Покидать альма-матер дозволялось только в сопровождении учителей и в закрытой карете. «Александринский театр со своими знаменитыми конями на крыше был повернут фасадом к Невскому проспекту. Театральная улица была всегда тиха, и только изредка из широких ворот здания училища выезжала закрытая карета, в которой вывозили будущих балерин на репетиции и на спектакли. Даже на самое маленькое расстояние и во все времена года воспитанницы училища выезжали в этих огромных, старомодных, наглухо закрытых каретах, которые, конечно, вызывали любопытство и желание разглядеть тех, кто прятался за окнами», — рассказывает в своих «Воспоминаниях» М. Кшесинская.

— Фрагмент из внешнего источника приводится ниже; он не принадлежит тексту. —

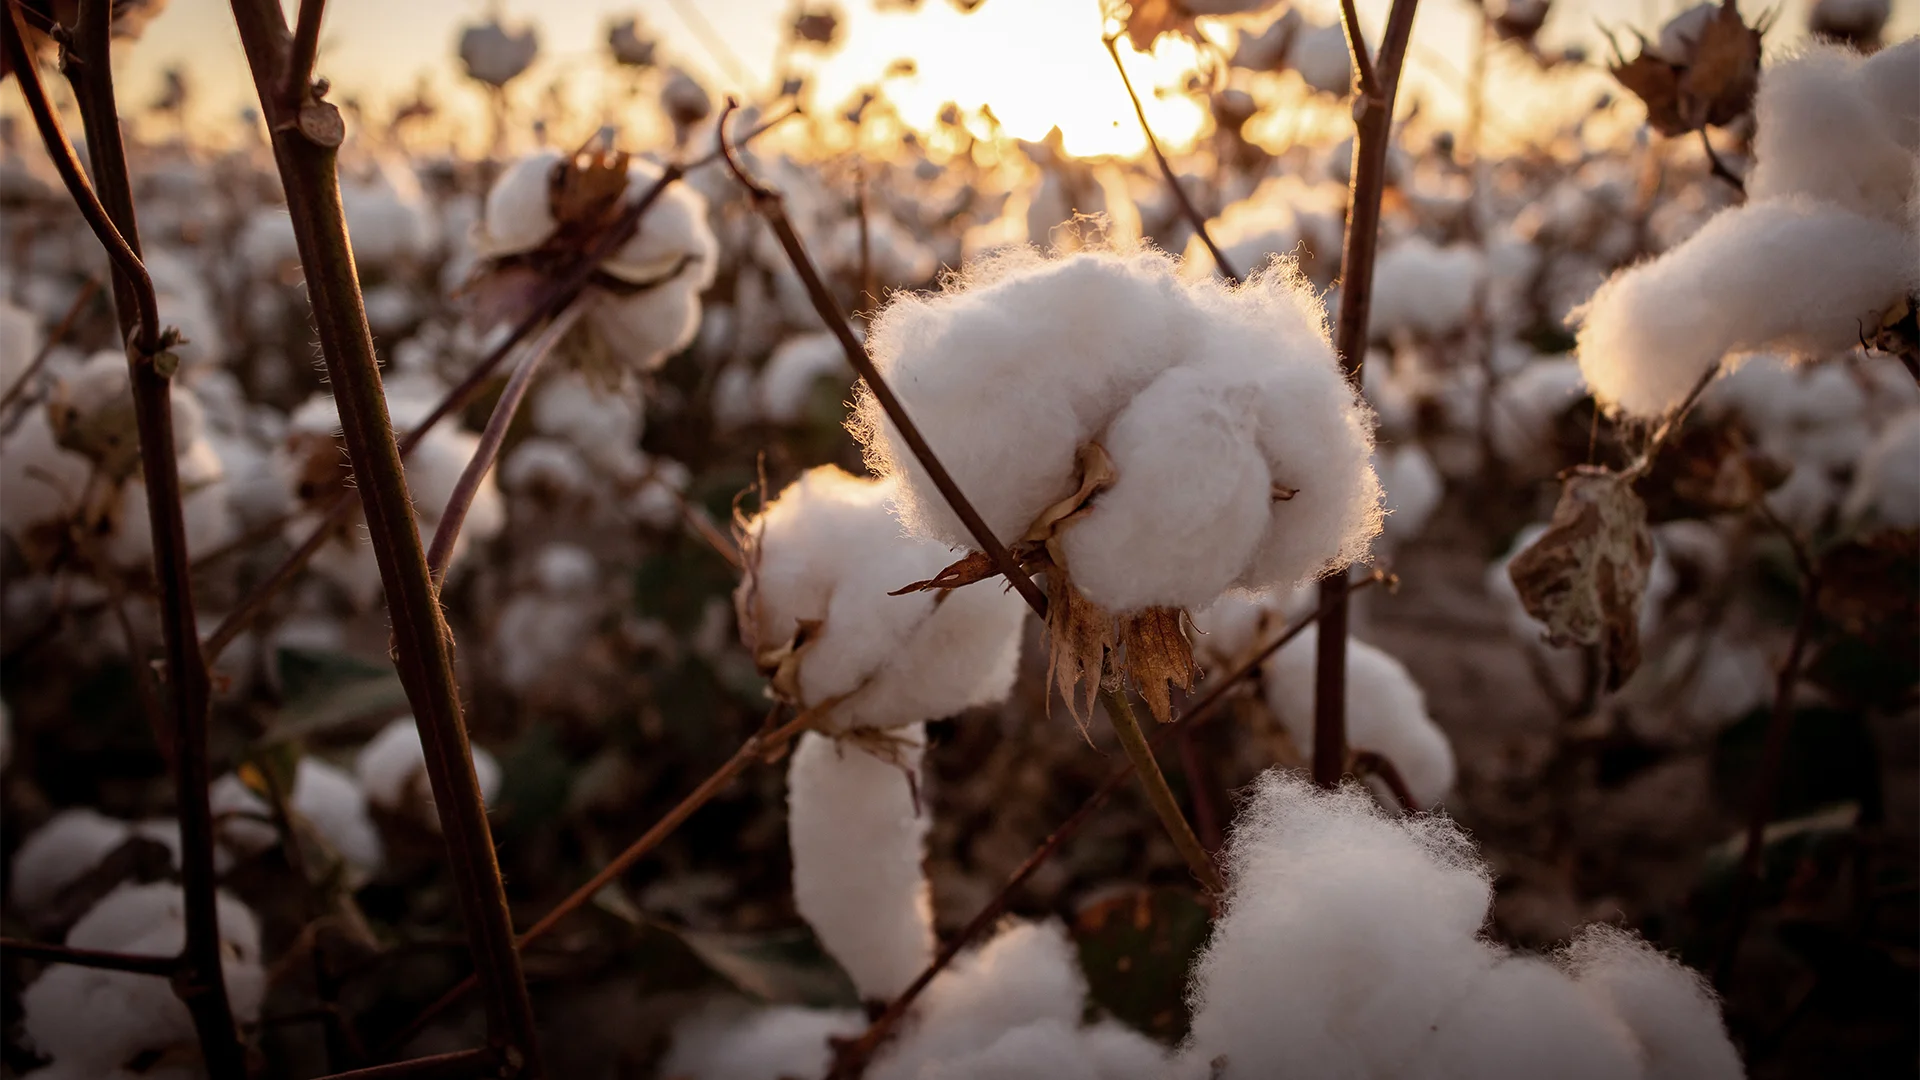 Field of cotton plants ripe for harvest at sunrise (Photo)

Форма для девочек: серые полотняные платьица с вырезом каре, поверх платьев короткие пелеринки. На мальчиках были узкие панталоны и просторные куртки.

111

Иосиф-Михаил Феликсович Кшесинский (1868–1942) — характерный танцовщик и балетмейстер Мариинского, позднее Кировского театра. Заслуженный артист РСФСР (1927).

112

Юлия (Кшесинская 1-я, в замужестве Зедделер; 1866–1969) — артистка Императорских театров, характерная танцовщица.